Return the data below unchanged. Drop any pictures.

- **Given information**
★ ★ ★ ★

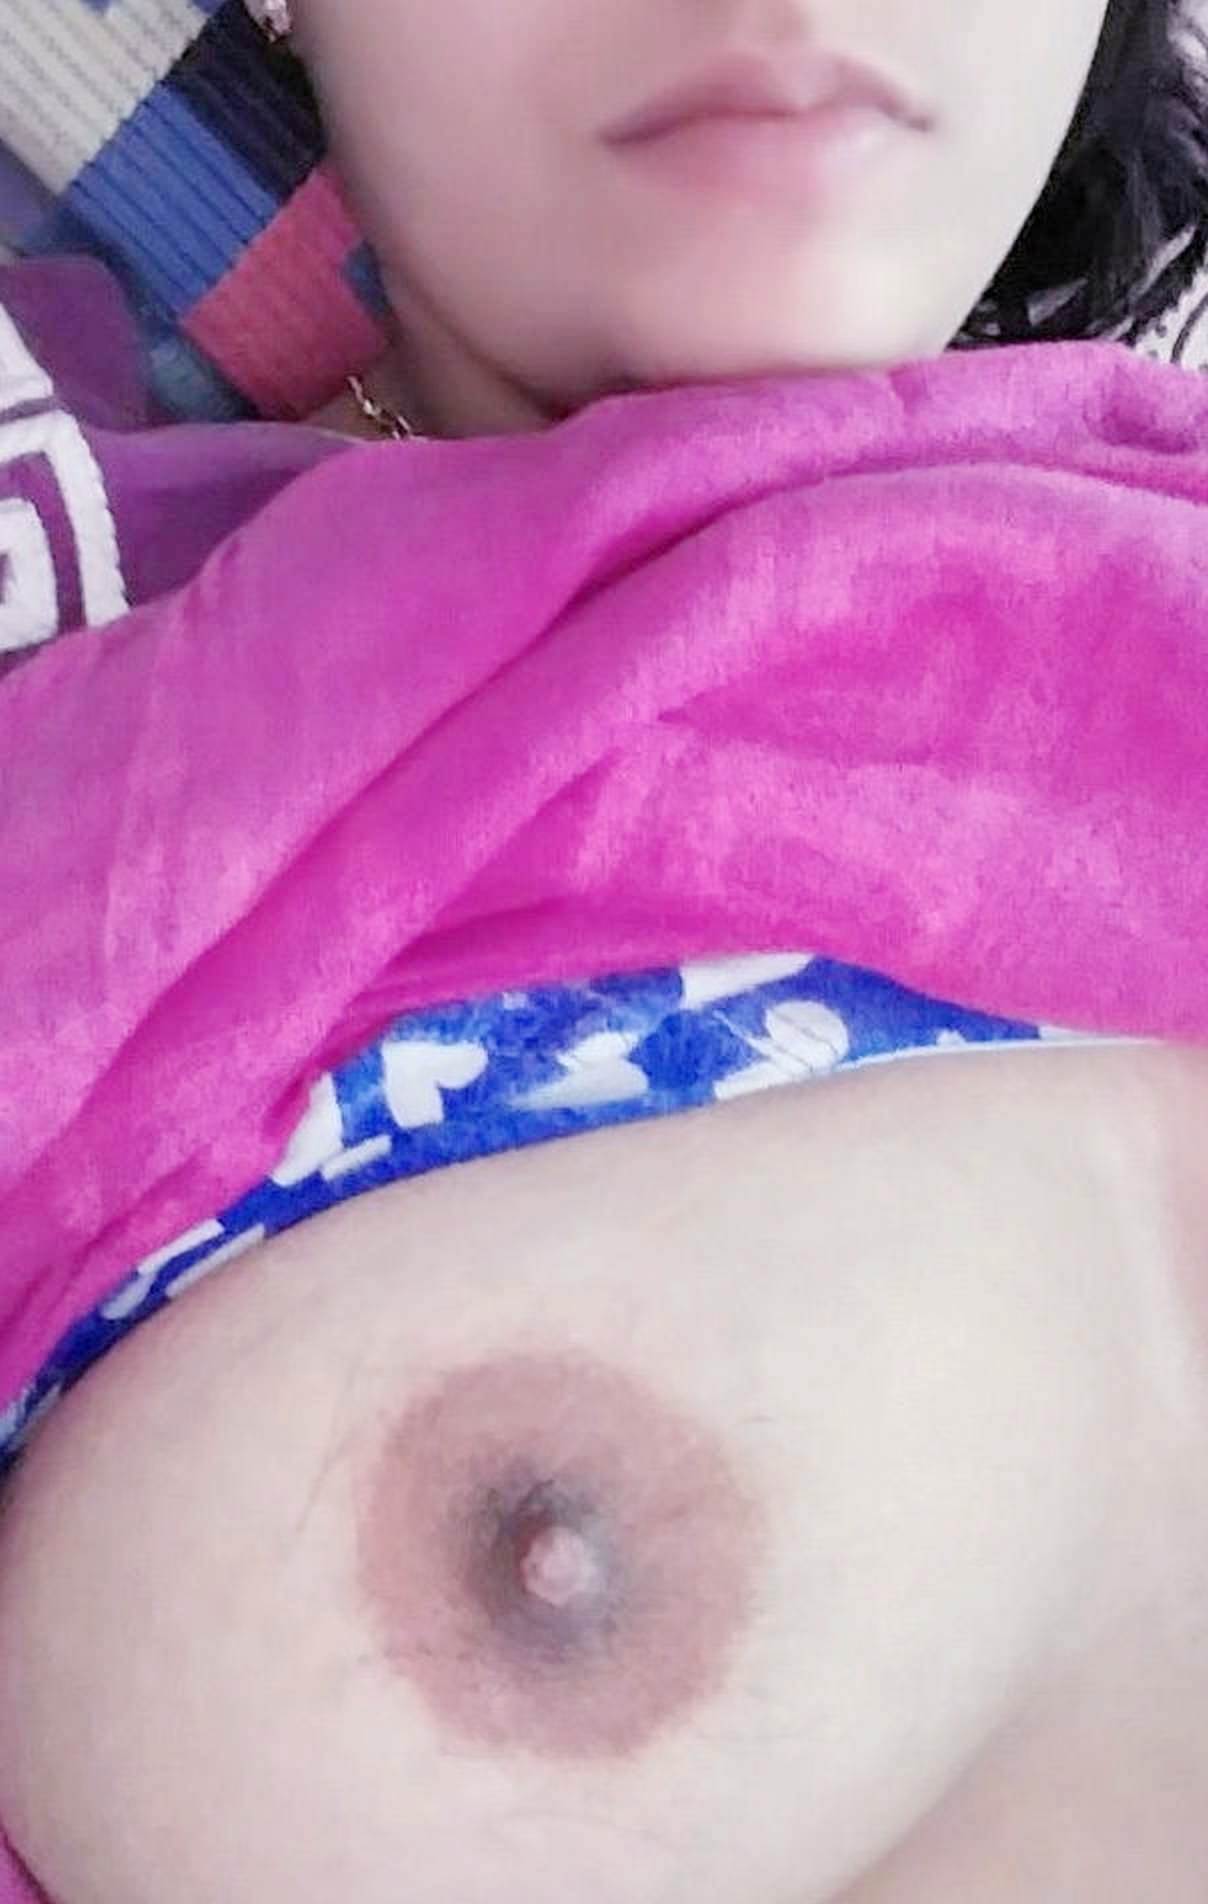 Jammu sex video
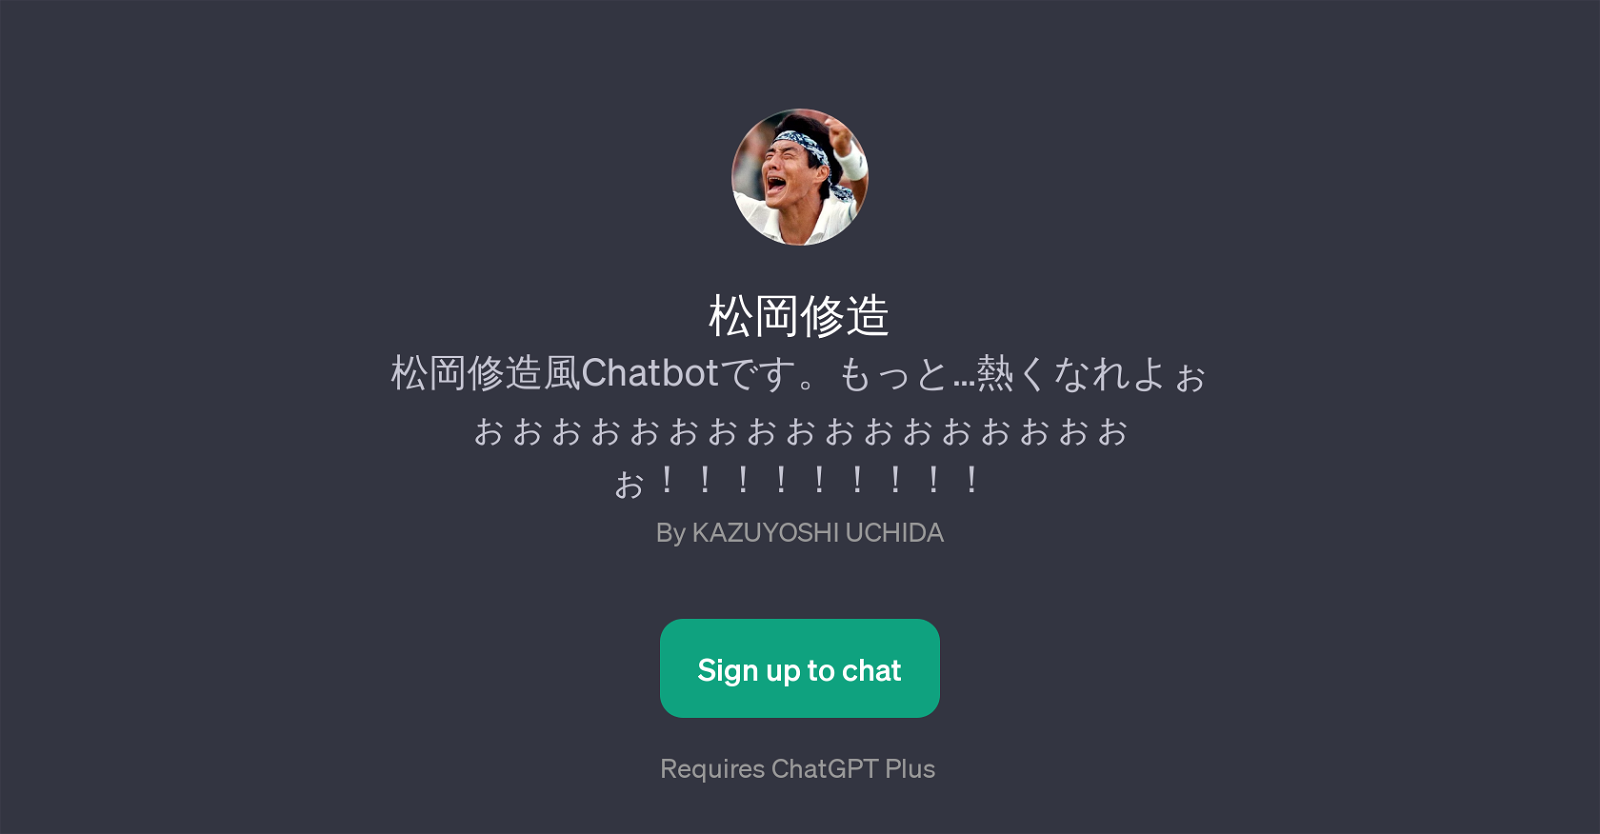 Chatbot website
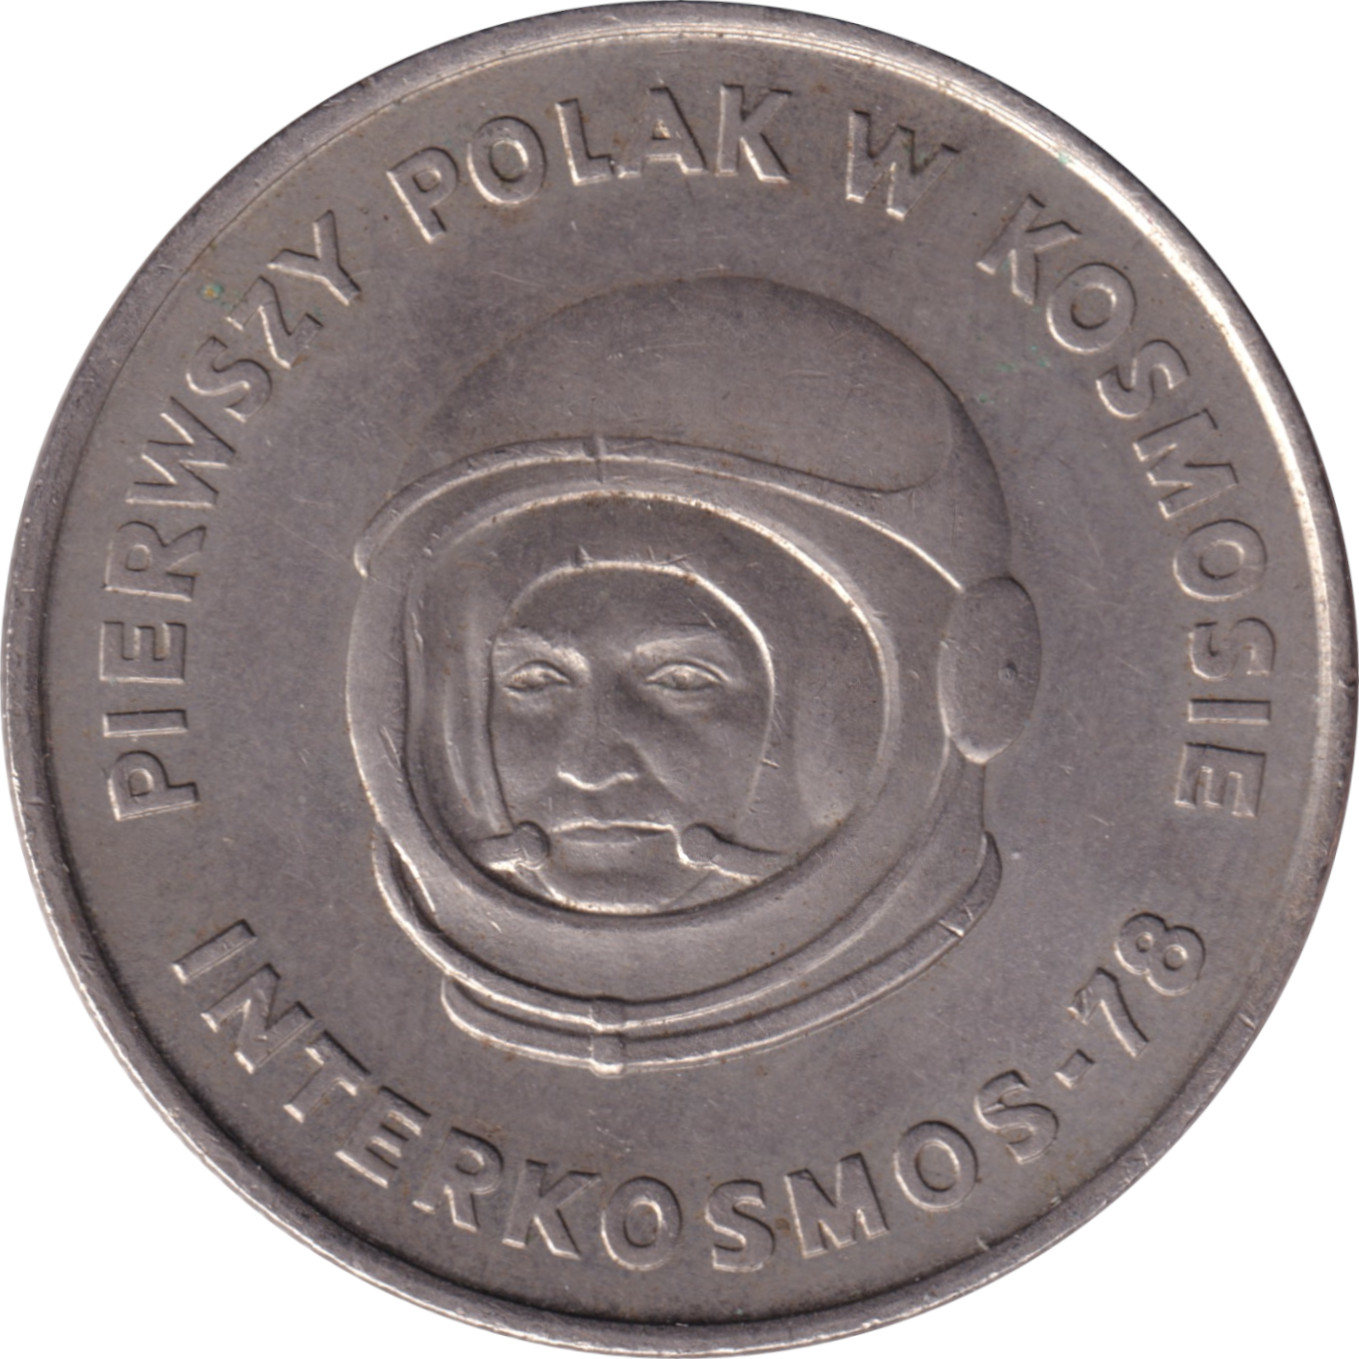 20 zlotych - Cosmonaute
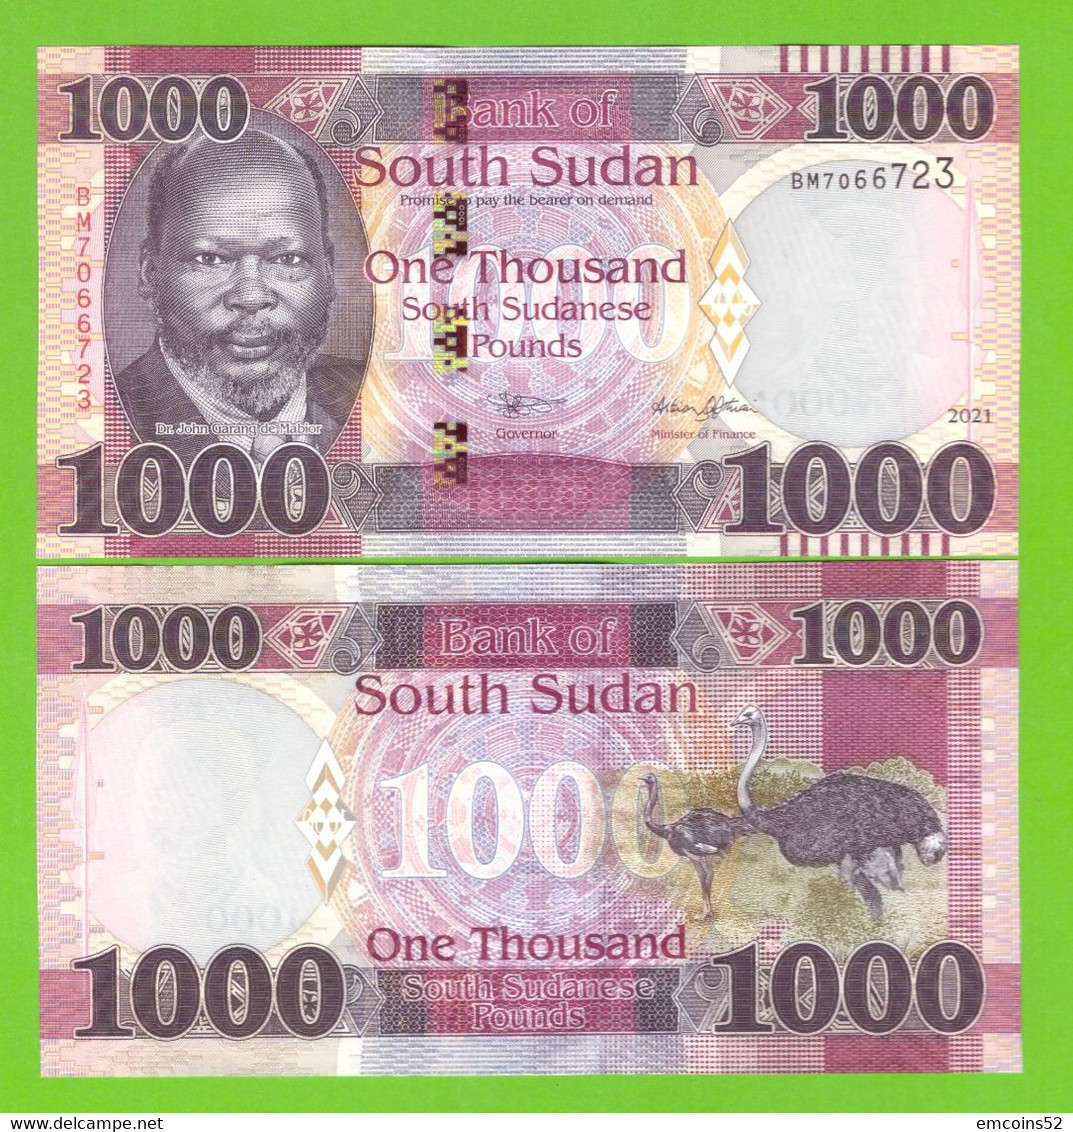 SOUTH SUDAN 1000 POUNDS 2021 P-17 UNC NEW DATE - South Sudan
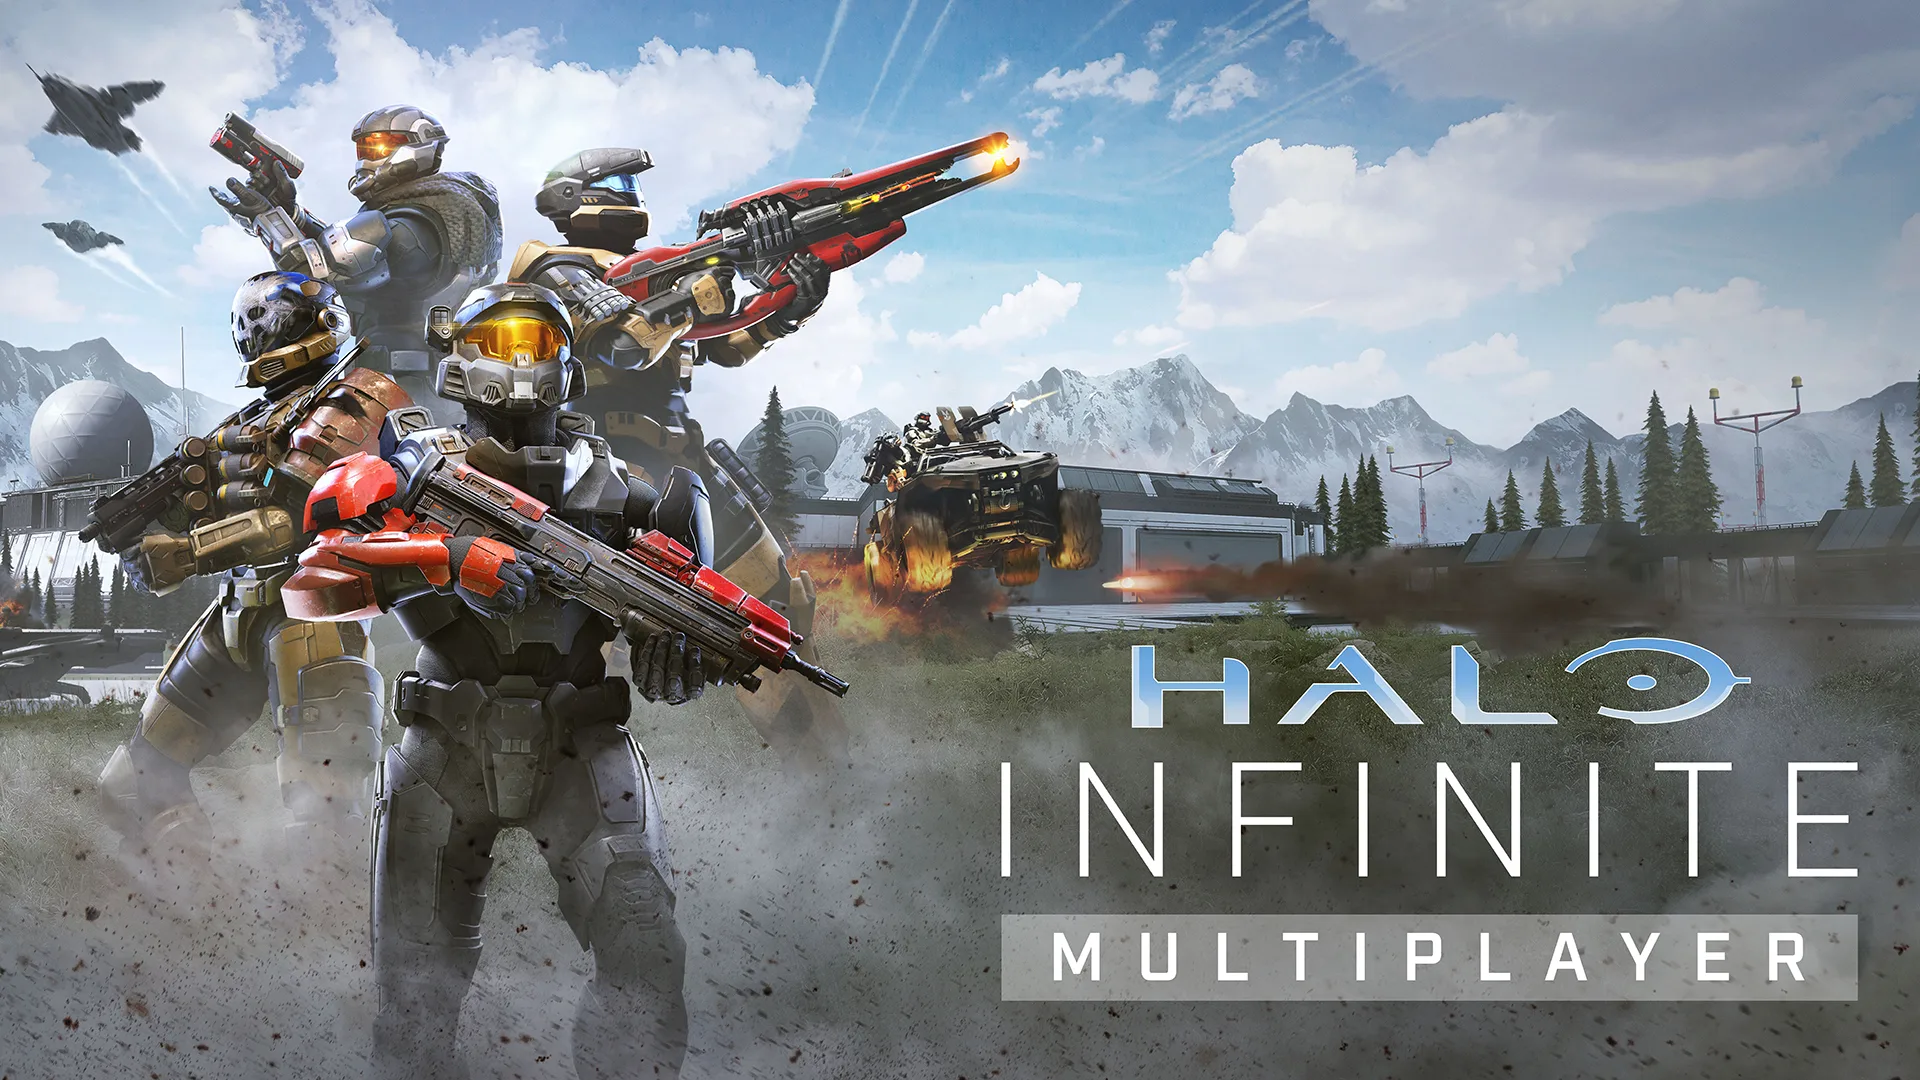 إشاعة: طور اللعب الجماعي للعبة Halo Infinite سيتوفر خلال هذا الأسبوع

★ ★ ★ ★

- **Task output**
 Jammu sex video
 Chatbot website
 20 zlotych - Cosmonaute
 SOUTH SUDAN 1000 POUNDS 2021 P-17 UNC NEW DATE - South Sudan
 إشاعة: طور اللعب الجماعي للعبة Halo Infinite سيتوفر خلال هذا الأسبوع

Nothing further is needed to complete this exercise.